ABC News proving that their “fact check” needs a new headline:
FACT CHECK: More US Drilling Didn’t Drop Gas Price
This “FACT” stated by the headline is torn apart by the article itself.
The US produces 2% of worlds oil today. So if we increase our production by 10%, the impact on world Oil reserves is 1/5 of 1%. This supply can be easily offset by shifts by OPEC or the Saudi’s. They do touch on this basic truth, “That’s because oil is a global commodity and U.S. production has only a tiny influence on supply. ”
“Unlike natural gas or electricity, the United States alone does not have the power to change the supply-and-demand equation in the world oil market” Now oddly in this article it states that we supply “11% of the world’s output”. This would seem an odd contradiction to the President’s “2% of the world’s oil.” But it is not. The 2% number is based on the amount of oil under drill heads available for removal. The 11% is based on the actual removal of oil and places onto the open market. Neither of these numbers represent the actual amount of oil available to be tapped and used. Numbers very based on type of oil and industry versus government estimates. But the numbers are probably somewhere near 1Trillion barrels of oil (or 200 more years at current levels).
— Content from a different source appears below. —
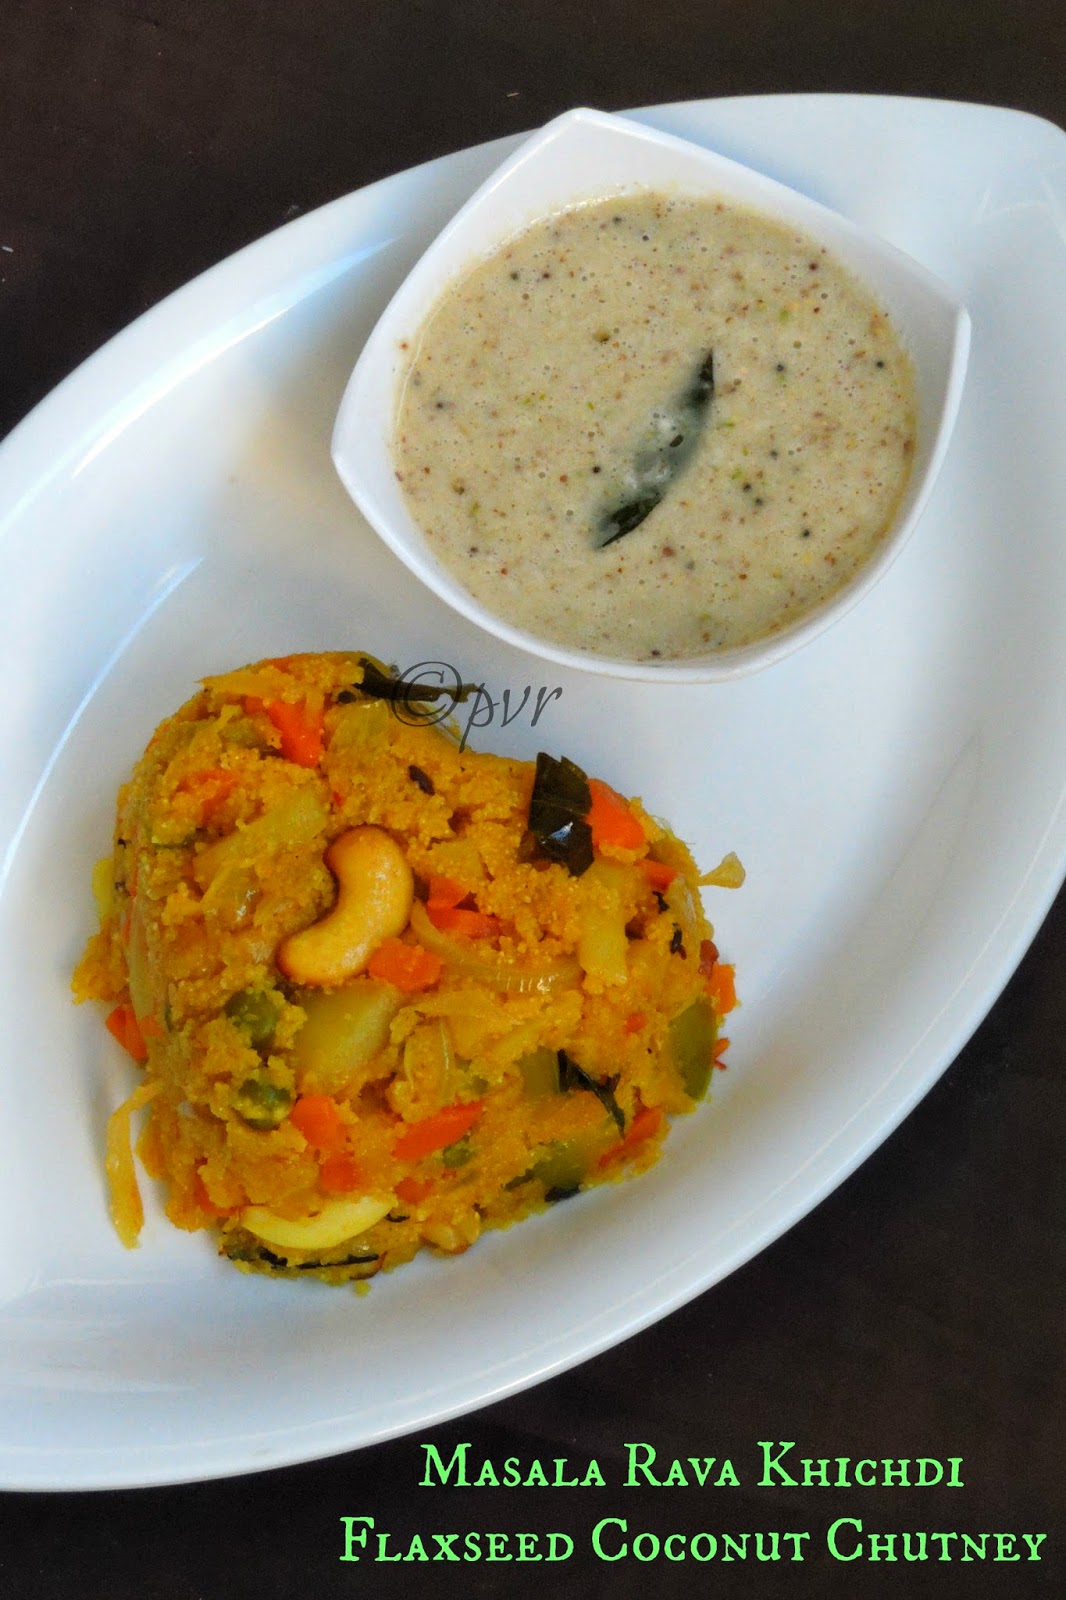 Masala Rava Khichdi, flaxseed chutney

“ if the U.S. were to increase its oil production by 50 percent it would at most cut gas prices by 10 percent.” OK, the math is close (11% increased to 16.5% would impact the world market by about 10%). But this is flawed in two ways. First, if we were to double or triple our production so that we were a player in the market, then our impact would be felt much greater on the world market. But if you understand that markets are more dynamic than basic linear math, this even fails. If the US were to show it was serious in increasing it’s share of world markets the competitive countries would drop prices to try and keep us from attaining market share. Keeping us at 10% on the world markets allows them to control prices. The US being a player limits their independent control over the market and forces the prices to a lower level. Think about any other free market and the impact of a growing competitor.
More so, within this country, where the employment of high wage jobs, huge profits and taxes from oil sales would flood the country in money. How much of a lift would our economy get and how much good could we do with that money being here instead of in the Middle East deserts? How much less environmental impact would their be and free trade in not shipping the oil across the Oceans and through the Suez Canal? Why shouldn’t we be an oil provider in world markets?
The reason we impact the markets on Steel, food, technology, and wood is that we are still the world’s leader in those industries. It is simple market share. How much impact would a single farmer have on the price of corn world wide if he doubled his output? What is he had a complete loss? Now think what would happen if the Florida Orange crop was complete loss…oh wait that has nearly happened before.
“Also, a cold snap threatened the orange crop in Florida, which produces about 80 percent of the domestic orange juice supply. Futures prices soared to all-time high of $2.1995 per pound on Jan. 23″.
All in all the article is not wrong, but the fact check headline seems to push that there is not much that can be done. But reality is that a massive increase in US supply and new policies to continue to produce more and more, would drastically drive down oil prices world-wide.